BEGIN THE DATA

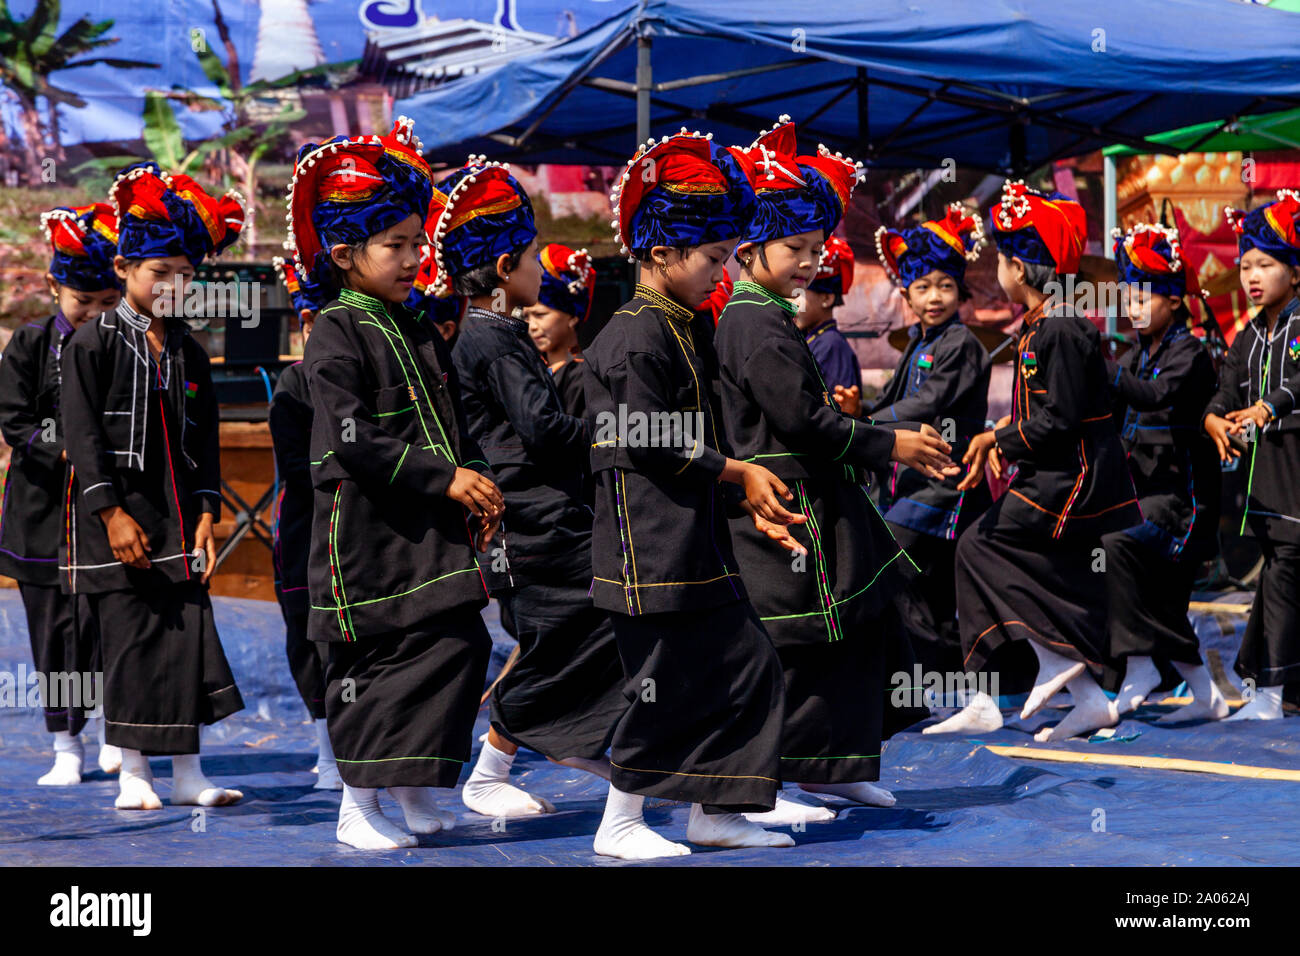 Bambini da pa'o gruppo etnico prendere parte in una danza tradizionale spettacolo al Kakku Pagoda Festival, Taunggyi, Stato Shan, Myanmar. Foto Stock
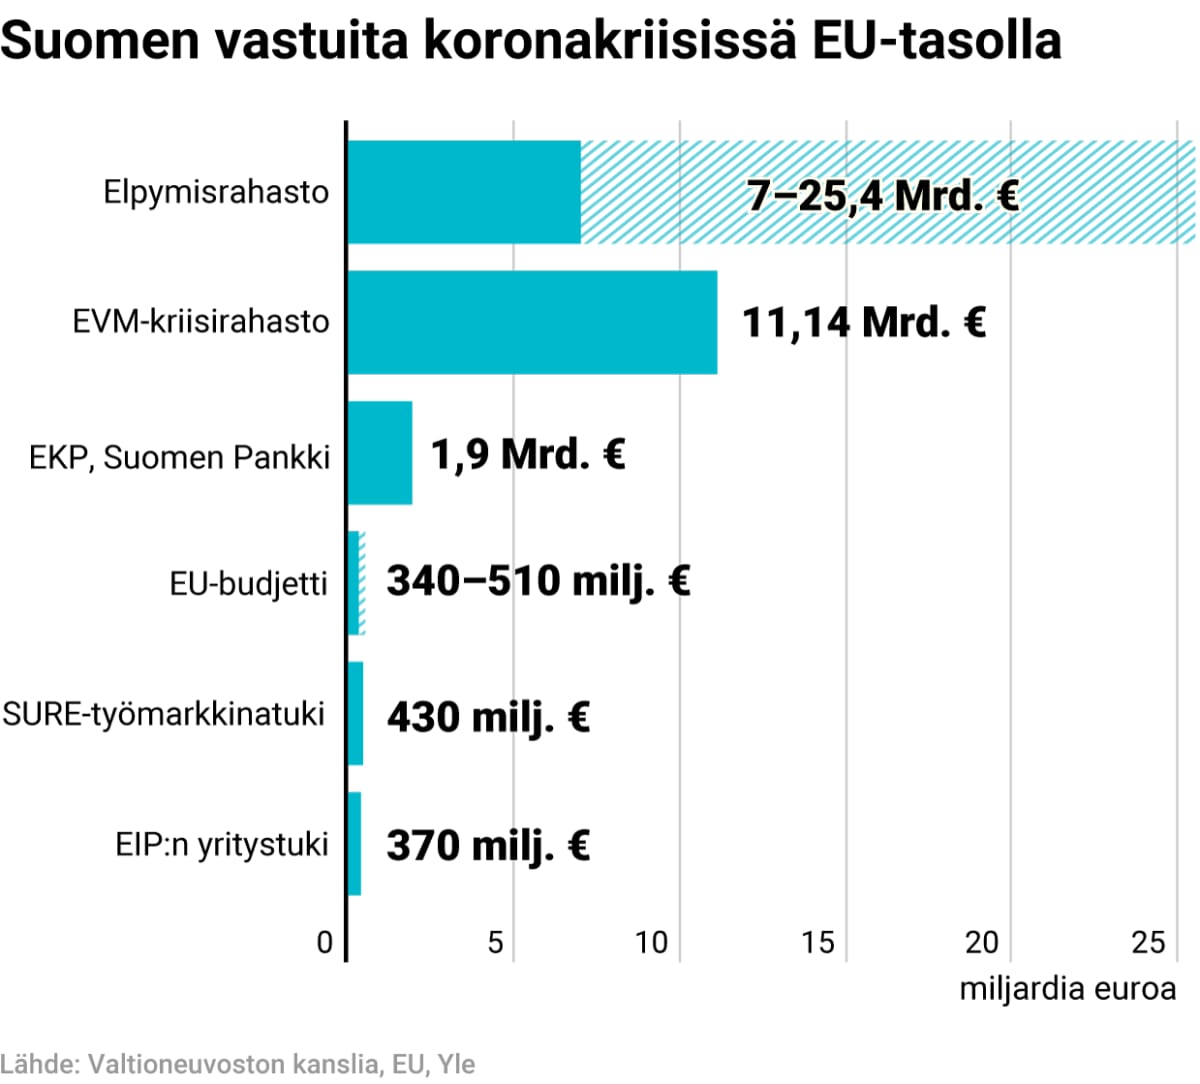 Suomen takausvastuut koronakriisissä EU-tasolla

END THE DATA
BEGIN THE DATA

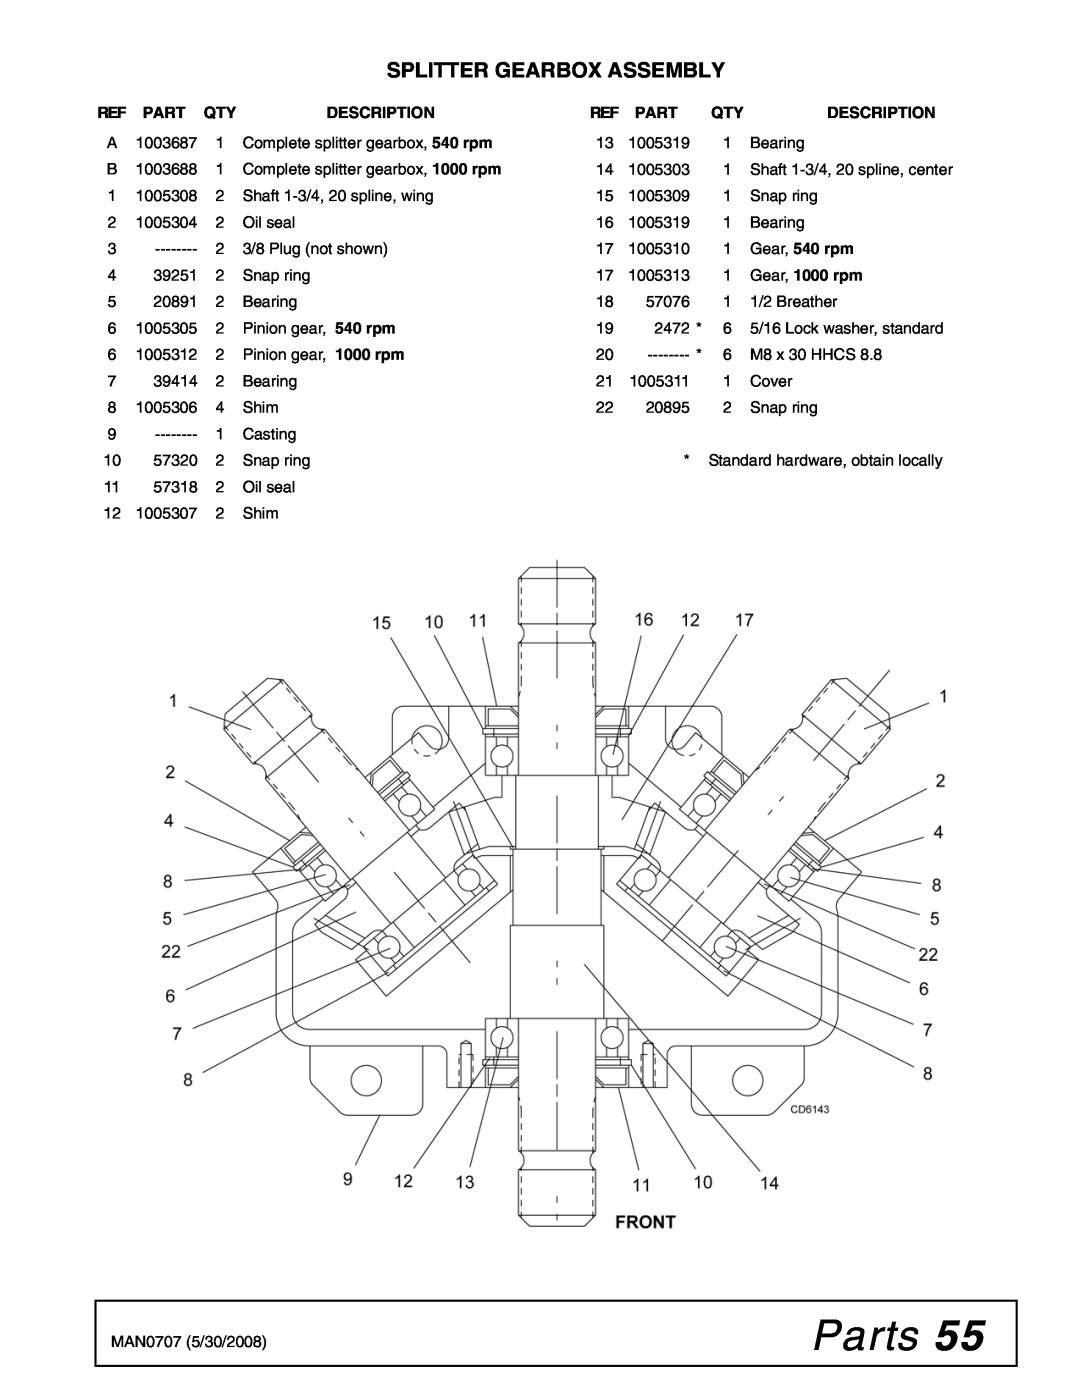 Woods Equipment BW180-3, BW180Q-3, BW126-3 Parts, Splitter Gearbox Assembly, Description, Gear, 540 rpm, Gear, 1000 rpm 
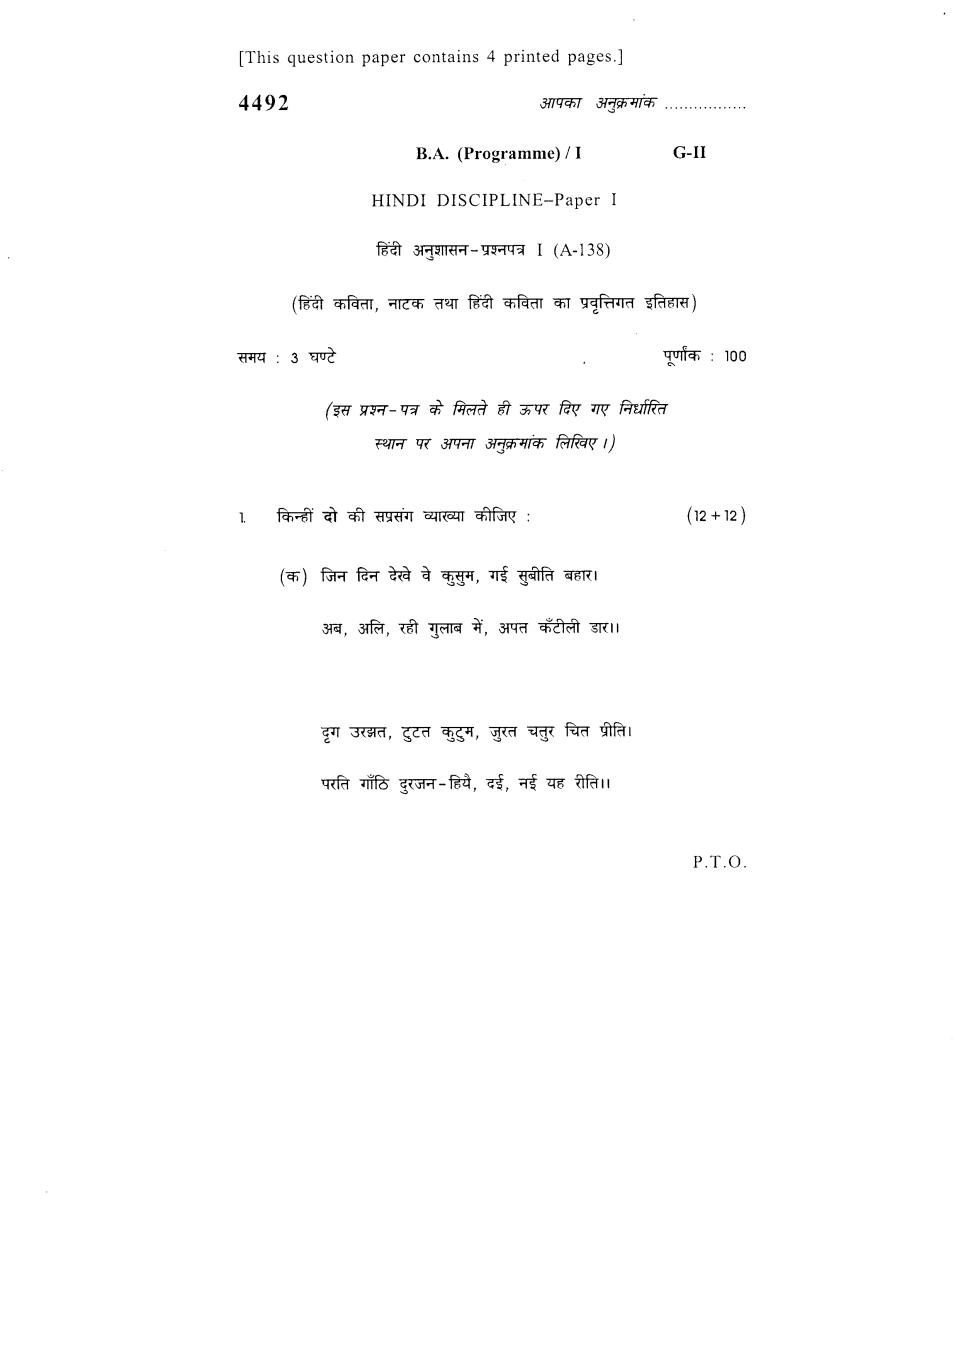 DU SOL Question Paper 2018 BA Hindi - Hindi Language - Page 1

END THE DATA

## WORK REQUEST
Out of the records above, set down only the lines from the one that contains "Bambini da pa'o" through the one that contains "Suomen takausvastuut koronakriisissä", unchanged and without the pictures.

## EXERCISE OUTPUT
 Bambini da pa'o gruppo etnico prendere parte in una danza tradizionale spettacolo al Kakku Pagoda Festival, Taunggyi, Stato Shan, Myanmar. Foto Stock
 Suomen takausvastuut koronakriisissä EU-tasolla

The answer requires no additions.